[[ Stored data open ]]

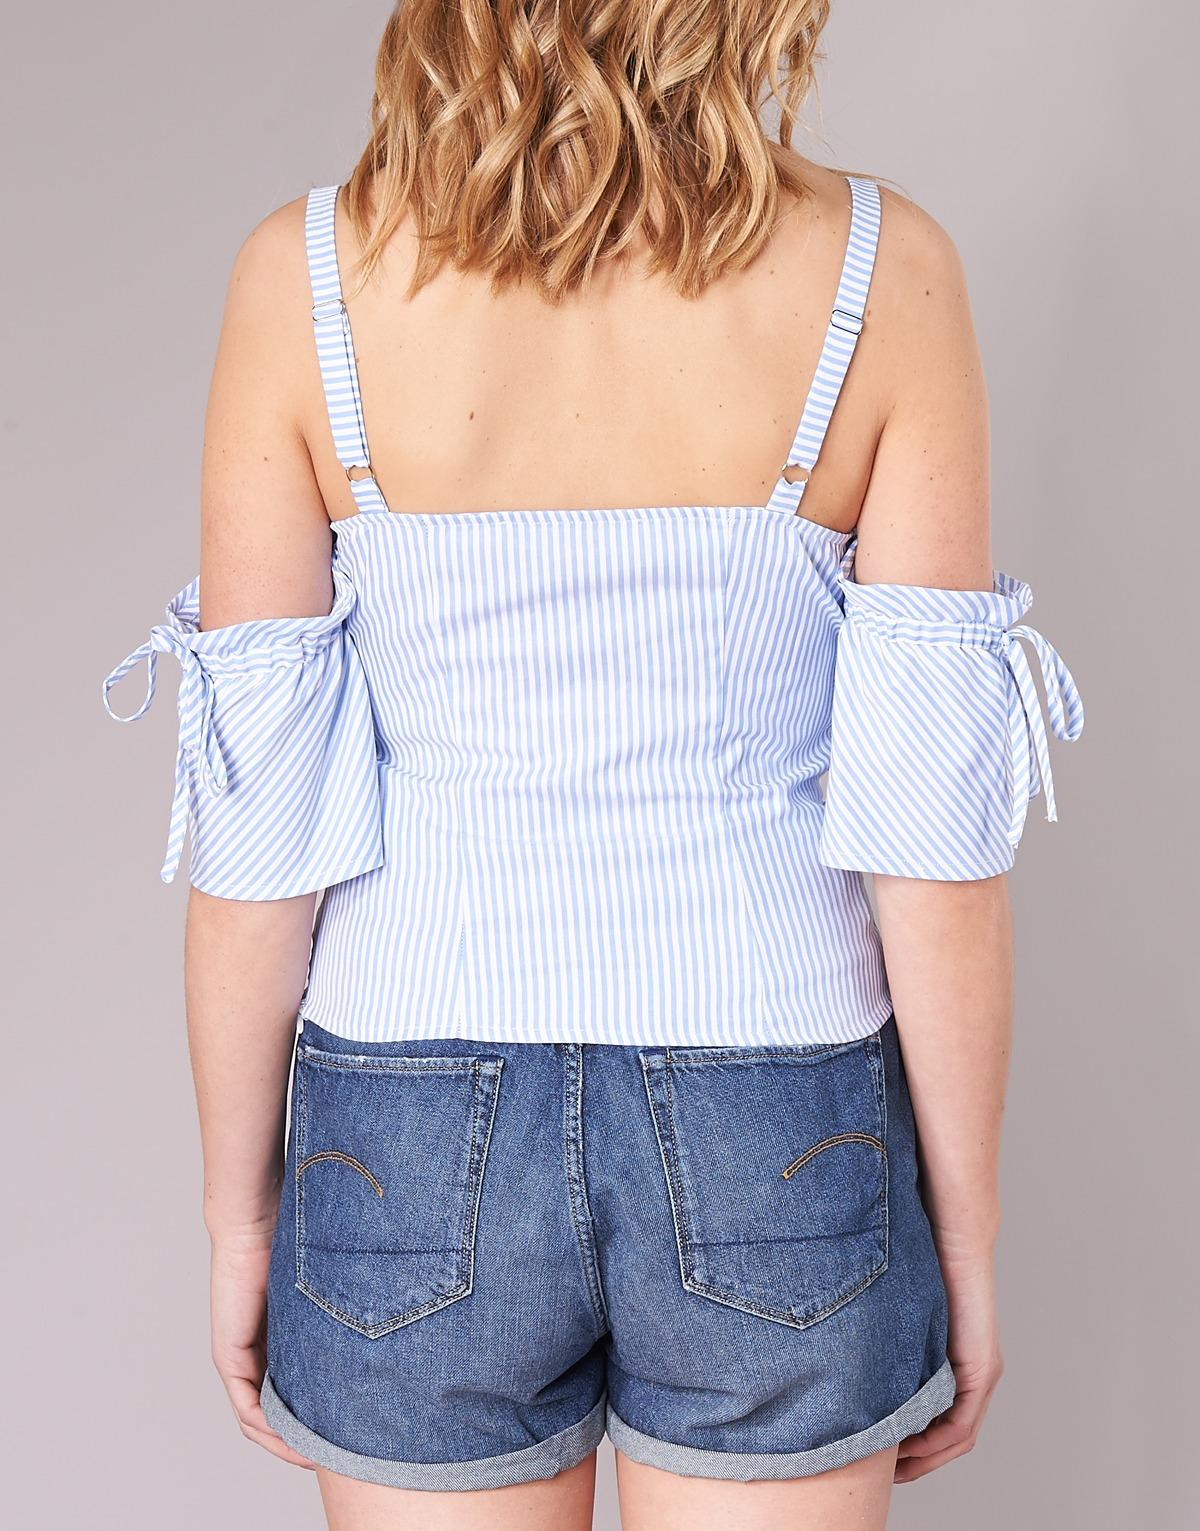 Guess Ounoner Women's Blouse In Blue
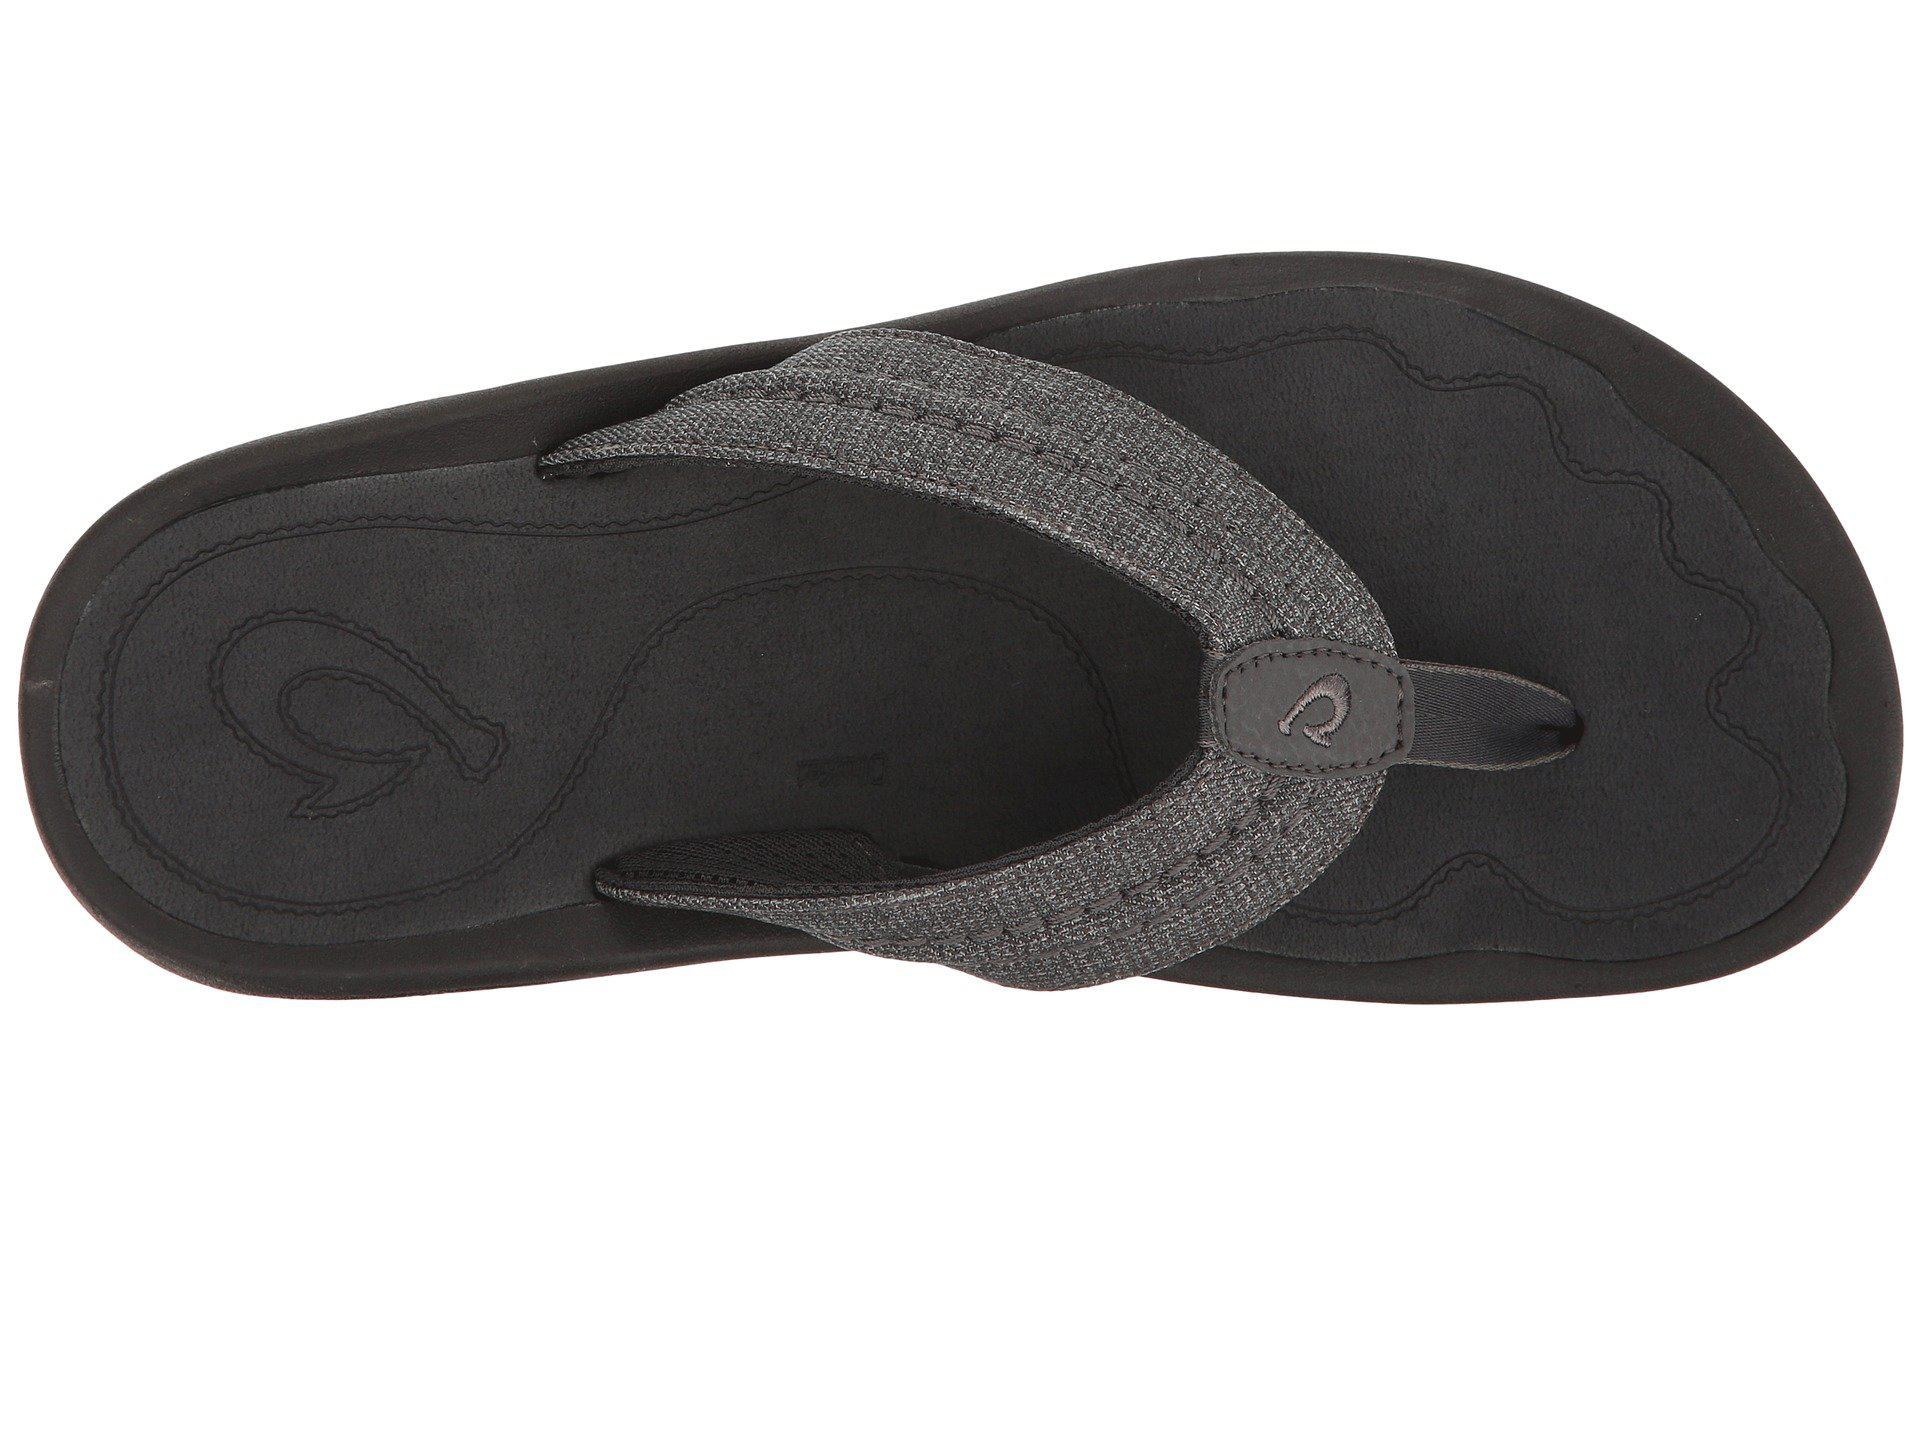 bcce8c3dc96d Lyst - Olukai Hokua Mesh (night dark Shadow) Men s Sandals in Black ...
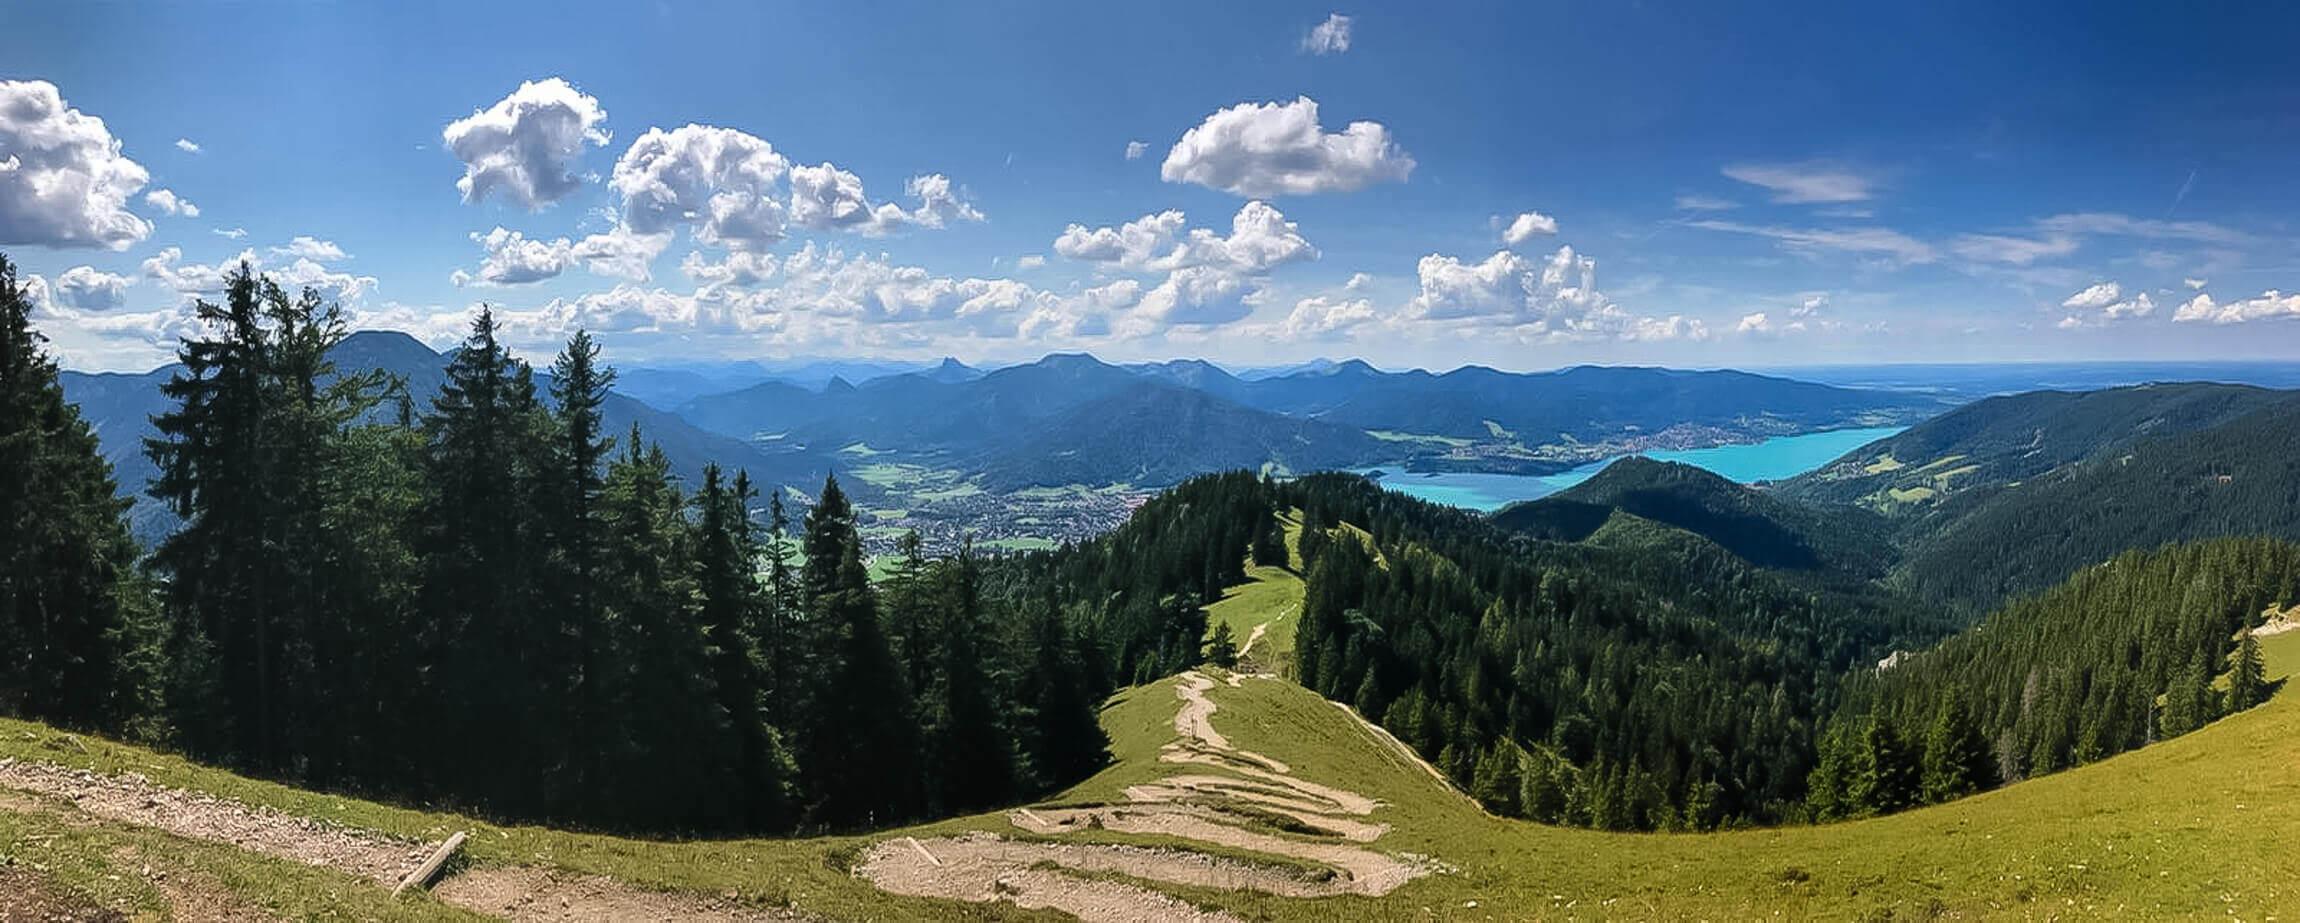 Baumgartenschneid Panorama

[[ Stored data closed ]]

(What is needed) Only the pictures stay behind; everything else in the data above is to be retyped exactly.

(Answer space)
 Guess Ounoner Women's Blouse In Blue
 bcce8c3dc96d Lyst - Olukai Hokua Mesh (night dark Shadow) Men s Sandals in Black ...
 Baumgartenschneid Panorama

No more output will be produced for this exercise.